Do you feel like you can’t take even a second of downtime from your work? Do you find yourself texting during dinner, or late at night? Does your spouse complain because you never spend much time together?
These are all signs that your PDA has wirelessly attached itself to your cerebral cortex. And you may want to reexamine how this setup is working for you.
Let’s Remember What A PDA Was Designed For
PDA stands for “Personal Digital Assistant.” Notice the word, “assistant” in the name of the device itself. The name is not, “Personal Digital Slave Master.”

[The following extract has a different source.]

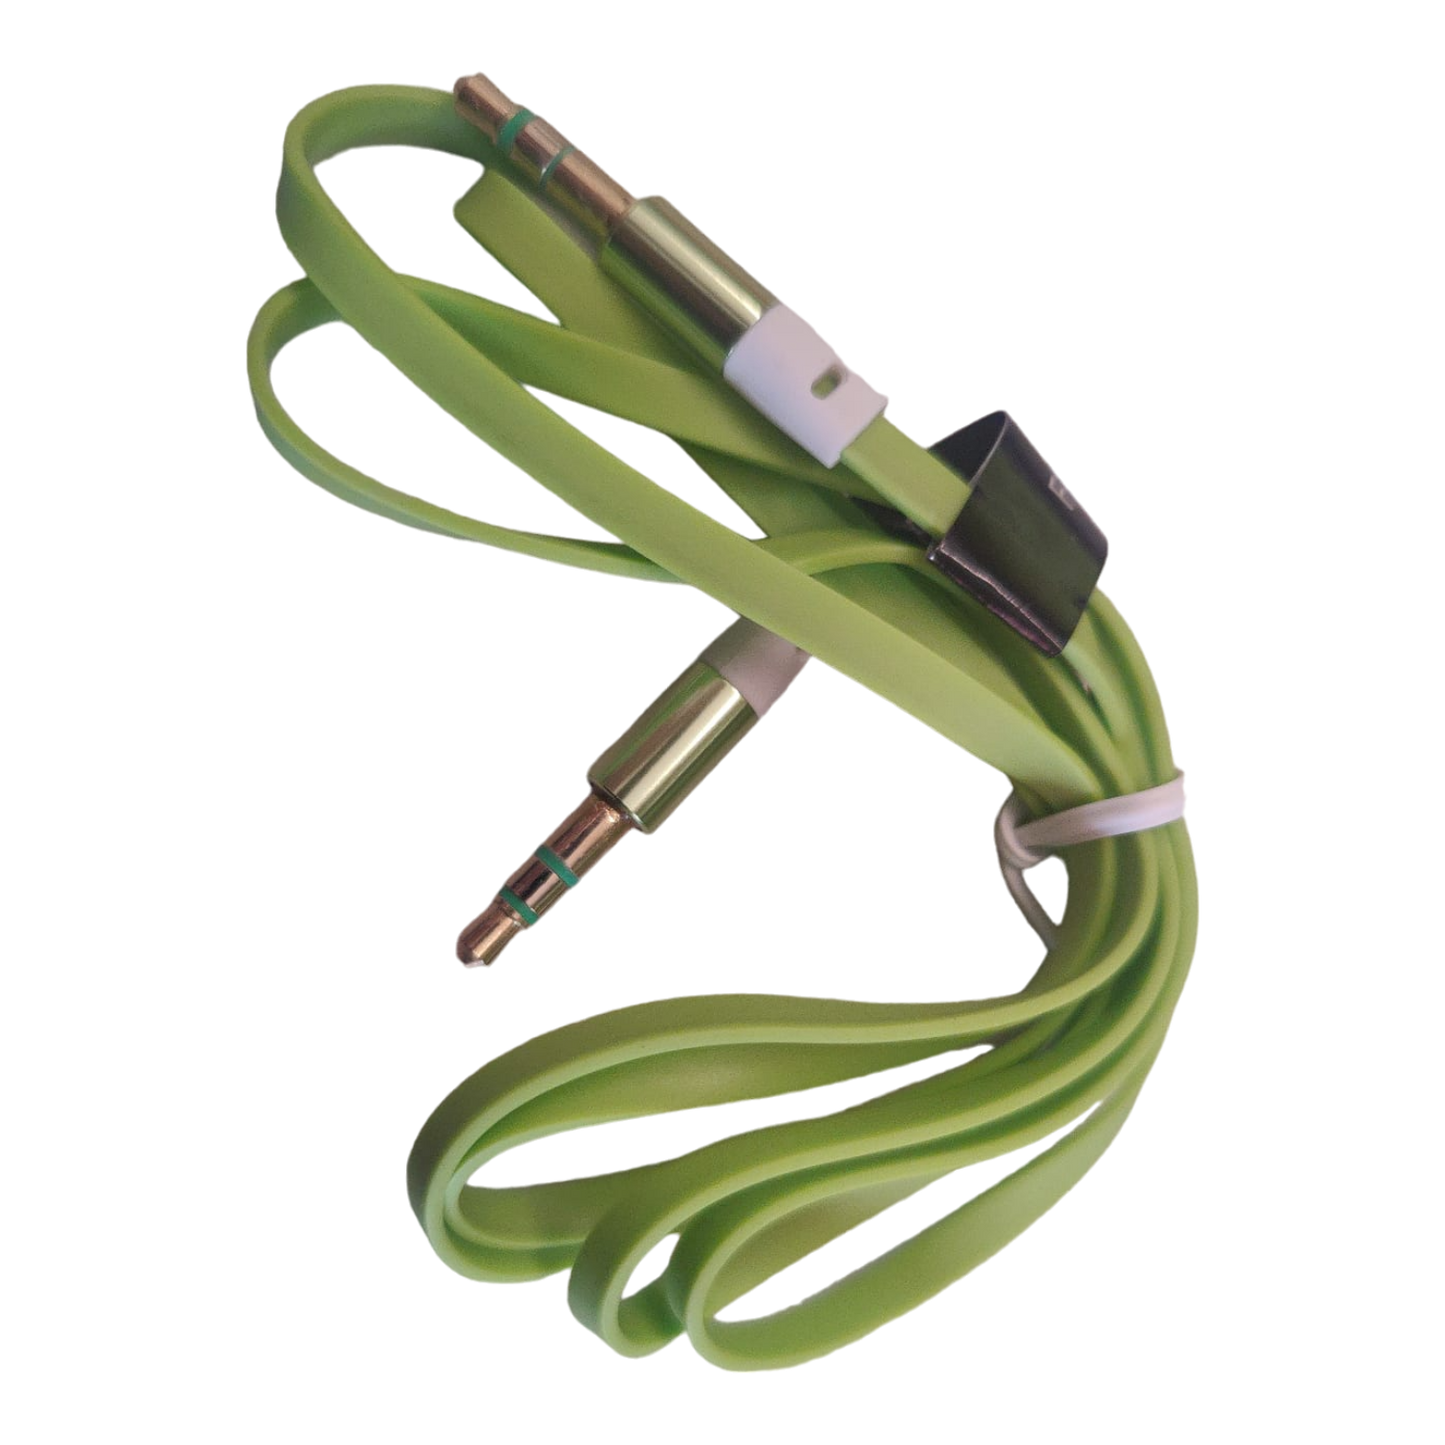 Audio cable - jack cable - 3.5 mm / green / jack Aux audio cable

Yet, this is the way we tend to treat our PDA’s. Like they are more important than any bit of personal life that we may have. When the phone rings, if it’s from work, no matter who we’re talking with in person, we interrupt to take the call.
When we’re at home, or out to dinner, do we ignore our text messages? Of course not. We wouldn’t want to miss a single thing. And yet we miss the very thing that we keep working for: our time off.

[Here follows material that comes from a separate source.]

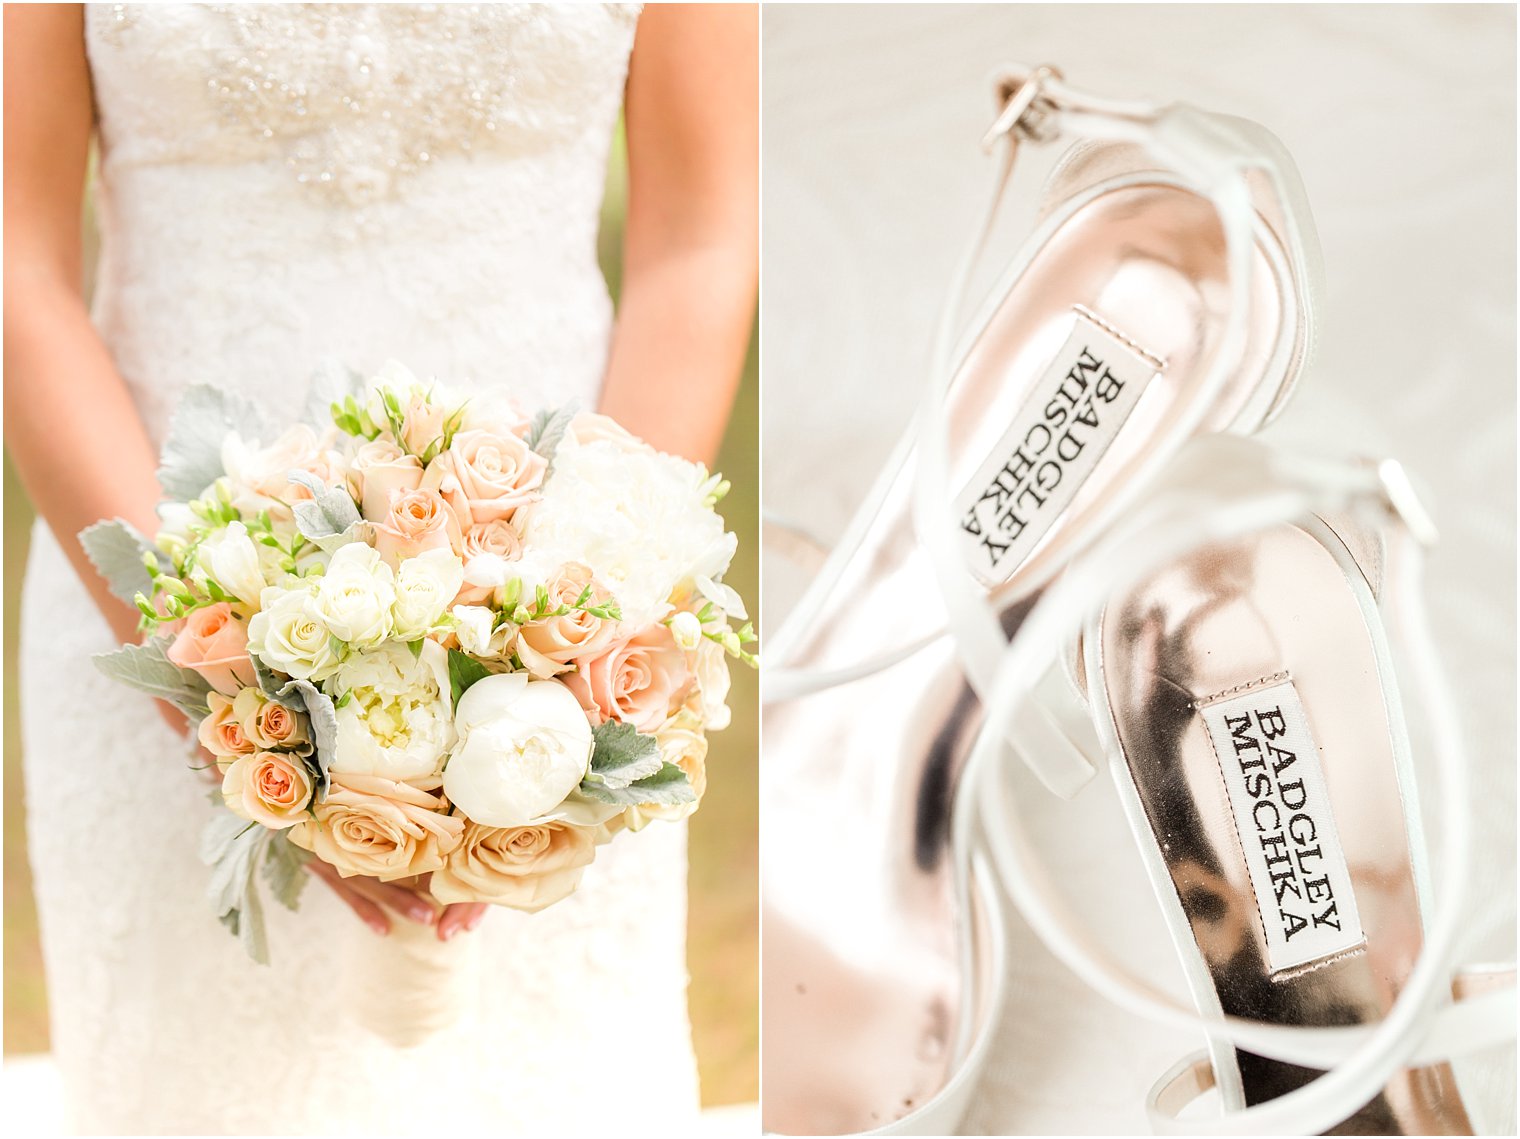 Flowers by Joan wedding bouquet and Badgley Mischka shoes

But Let’s Get Practical. How Does This Affect Your Work?
Have you noticed that your enthusiasm for work starts to wane when you are always tethered to your job? You get up to face another day, but your heart is not completely into it. The only down time that you may have had was sleep, and not enough of that.
When you’re at work trying to type up a big report, do you switch off your phone? Oh no. You let the endless stream of air traffic continue to use you as its central control tower.
You answer emails and text messages in between writing paragraphs, heck even in mid sentence, when you’re writing a big proposal. And you take almost all the calls, no matter how unimportant they may be.
In Essence You Tell The World, “I Am Your Most Obedient Servant”
And you back it up, by letting the demands of your PDA override your own plans time and time again.
This can drive you crazy. This can ruin your family life. And this can make you much less effective at your job.
So How Can You Find Balance?
Well, you can try tricks for managing your time. You can even bury your phone in the back yard in an attempt to get free.
But the problem is actually not your PDA, it’s what you’re believing about your PDA that’s holding you captive. And more importantly, what you’re believing about all those people who send you messages.
Until you question your stressful beliefs about these things, you will eventually cave in and break your “no usage” rules. Despite your best intentions, you will dig up the phone from your back yard and go back to the same old ways.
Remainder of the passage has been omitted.